1 files changed, 3 insertions, 4 deletions
diff --git a/tensorflow/compiler/xla/service/gpu/nvptx_compiler.cc b/tensorflow/compiler/xla/service/gpu/nvptx_compiler.cc
index f6325b3368..dfdcf1875d 100644
--- a/tensorflow/compiler/xla/service/gpu/nvptx_compiler.cc
+++ b/tensorflow/compiler/xla/service/gpu/nvptx_compiler.cc
@@ -208,10 +208,6 @@ Status OptimizeHloModule(HloModule* hlo_module, se::StreamExecutor* stream_exec,
     pipeline.AddInvariantChecker<HloVerifier>(/*layout_sensitive=*/false,
                                               /*allow_mixed_precision=*/false);
     pipeline.AddPass<CudnnConvolutionRewriter>();
-    // CudnnConvolutionRewriter may add instructions of the form
-    // reverse(constant), which it expects will be simplified by constant
-    // folding.
-    pipeline.AddPass<HloConstantFolding>();
     pipeline.AddPass<PadInsertion>();
     if (IsVoltaOrLater(*stream_exec)) {
       pipeline.AddPass<PadForTensorCores>();
@@ -219,6 +215,9 @@ Status OptimizeHloModule(HloModule* hlo_module, se::StreamExecutor* stream_exec,
       // pairs that TupleSimplifier fixes.

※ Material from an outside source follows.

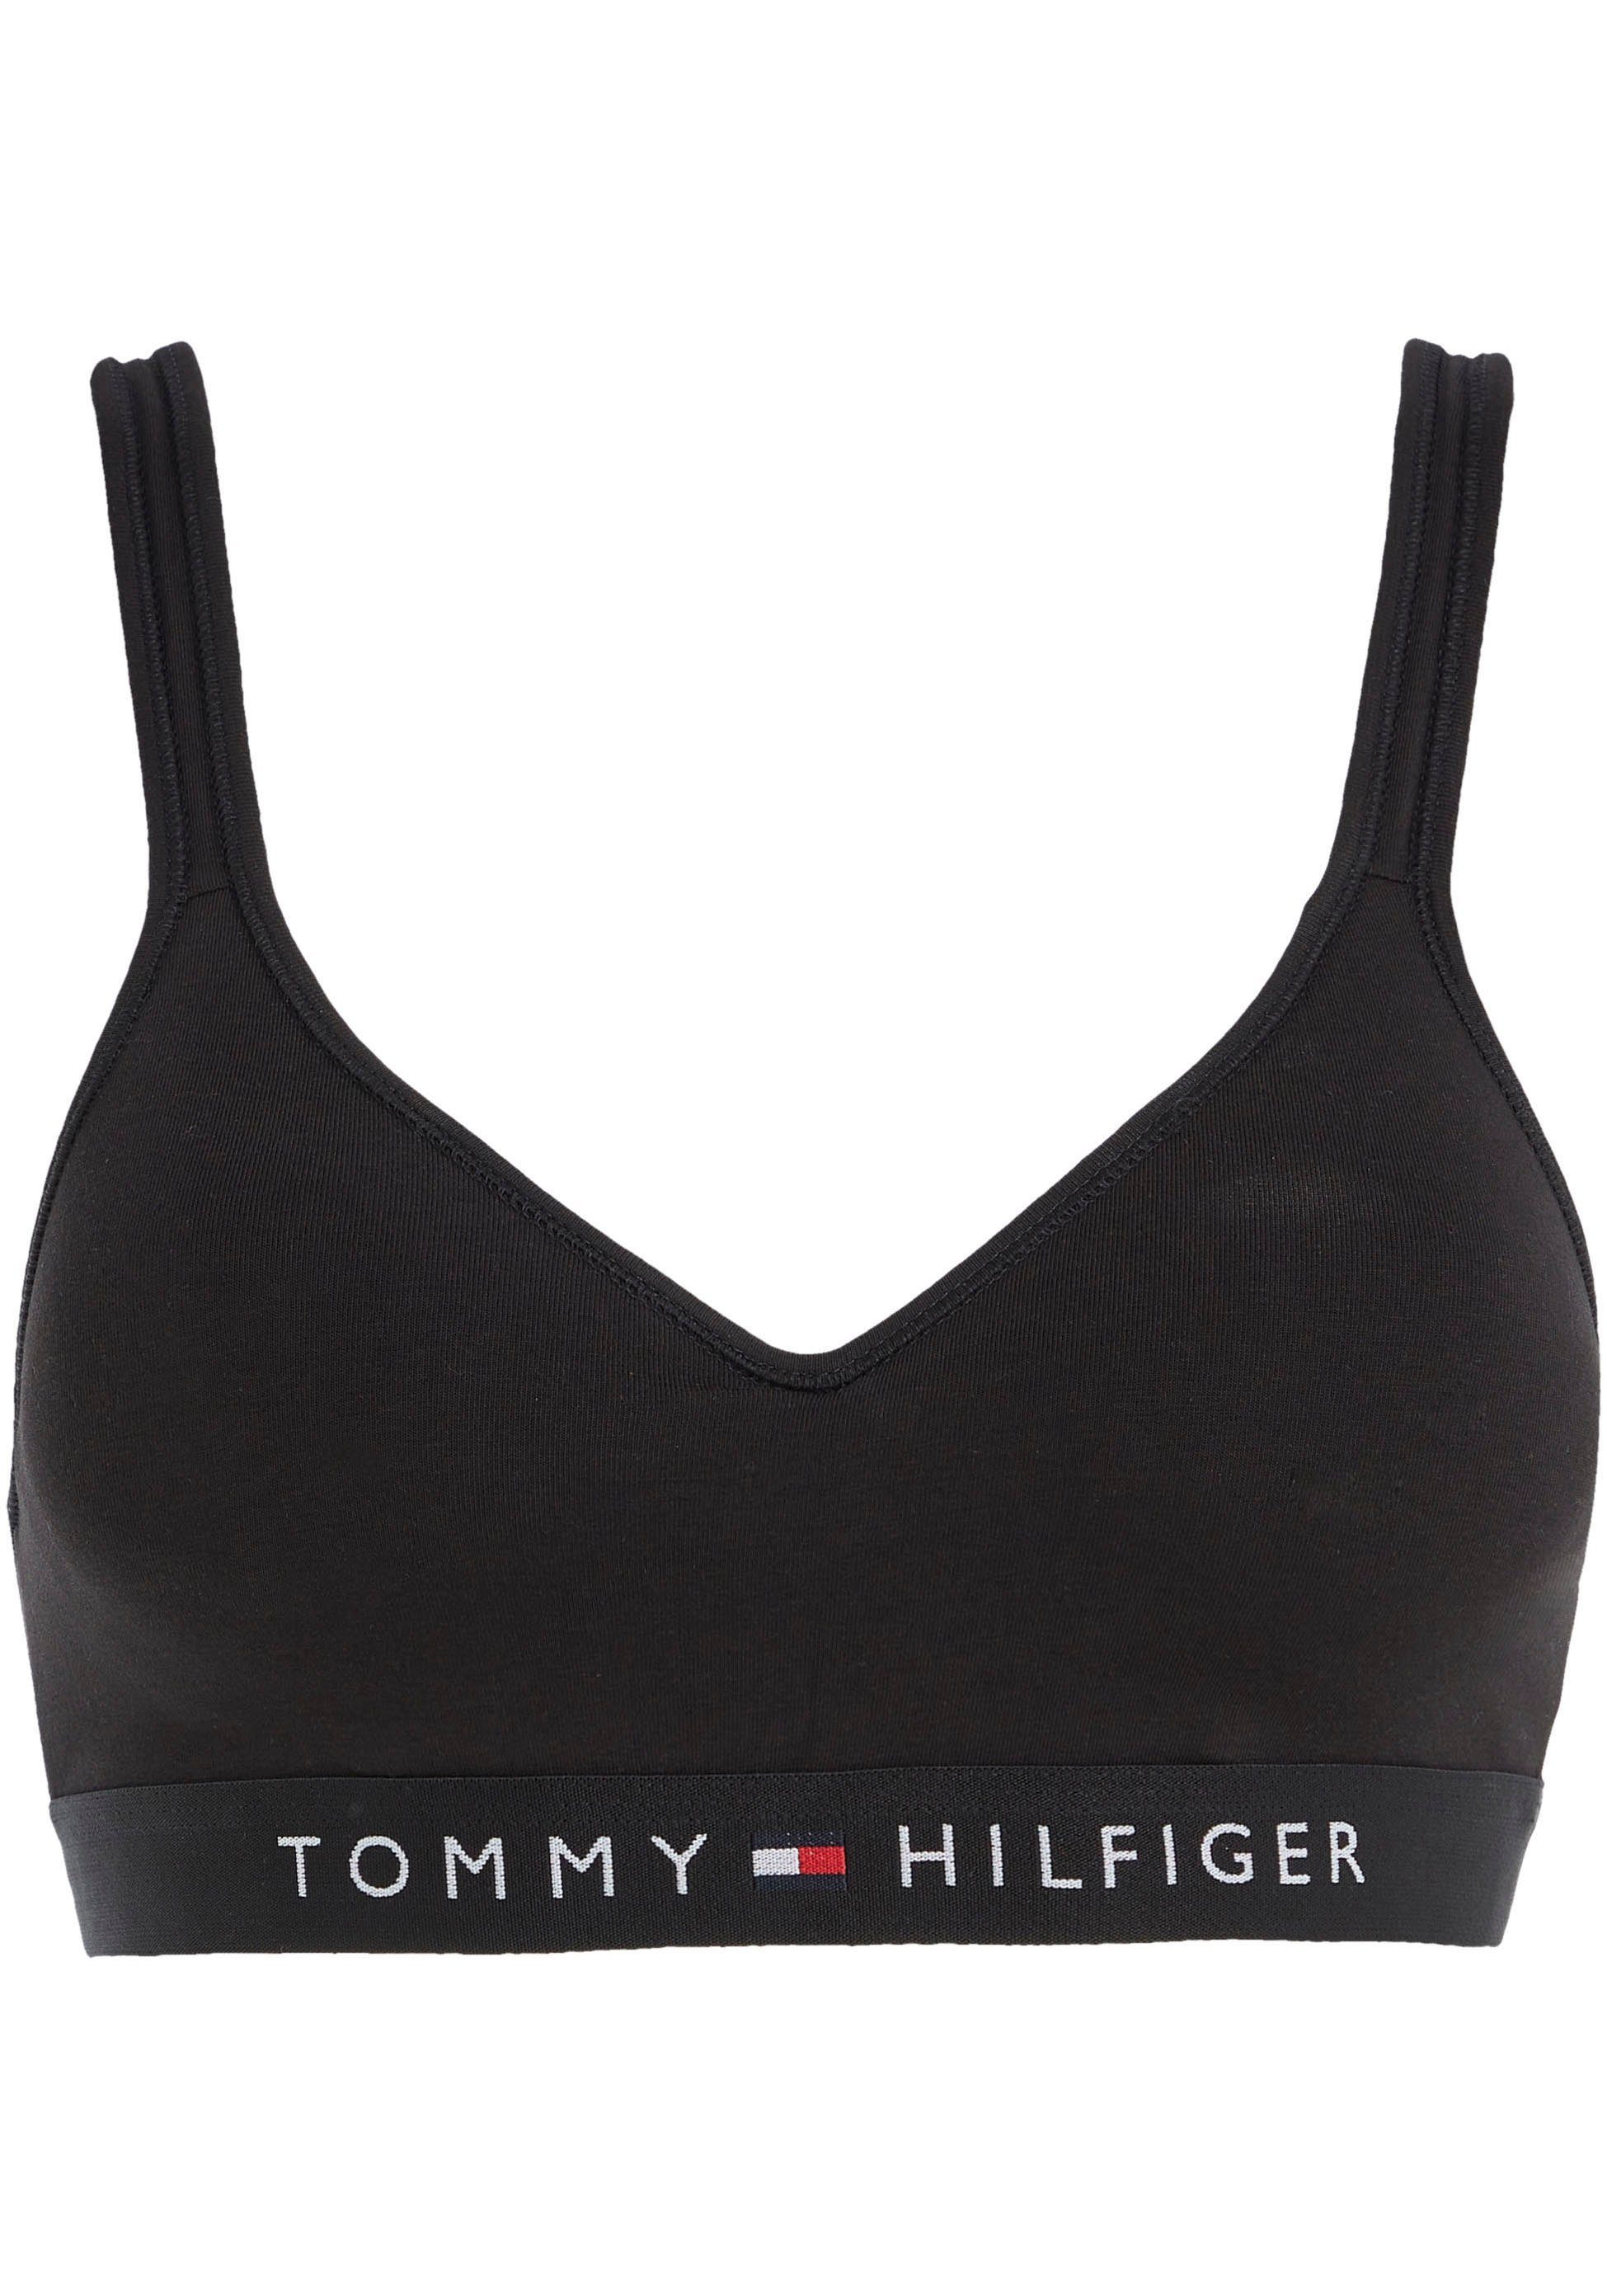 Underwear BRALETTE Markenlabel Tommy Hilfiger LIFT Hilfiger mit Tommy Black Bralette-BH

       pipeline.AddPass<TupleSimplifier>();
     }
+    // CudnnConvolutionRewriter, PadInsertion and PadForTensorCores may add
+    // instructions which can be simplified by constant folding.
+    pipeline.AddPass<HloConstantFolding>();
     TF_RETURN_IF_ERROR(pipeline.Run(hlo_module).status());
   }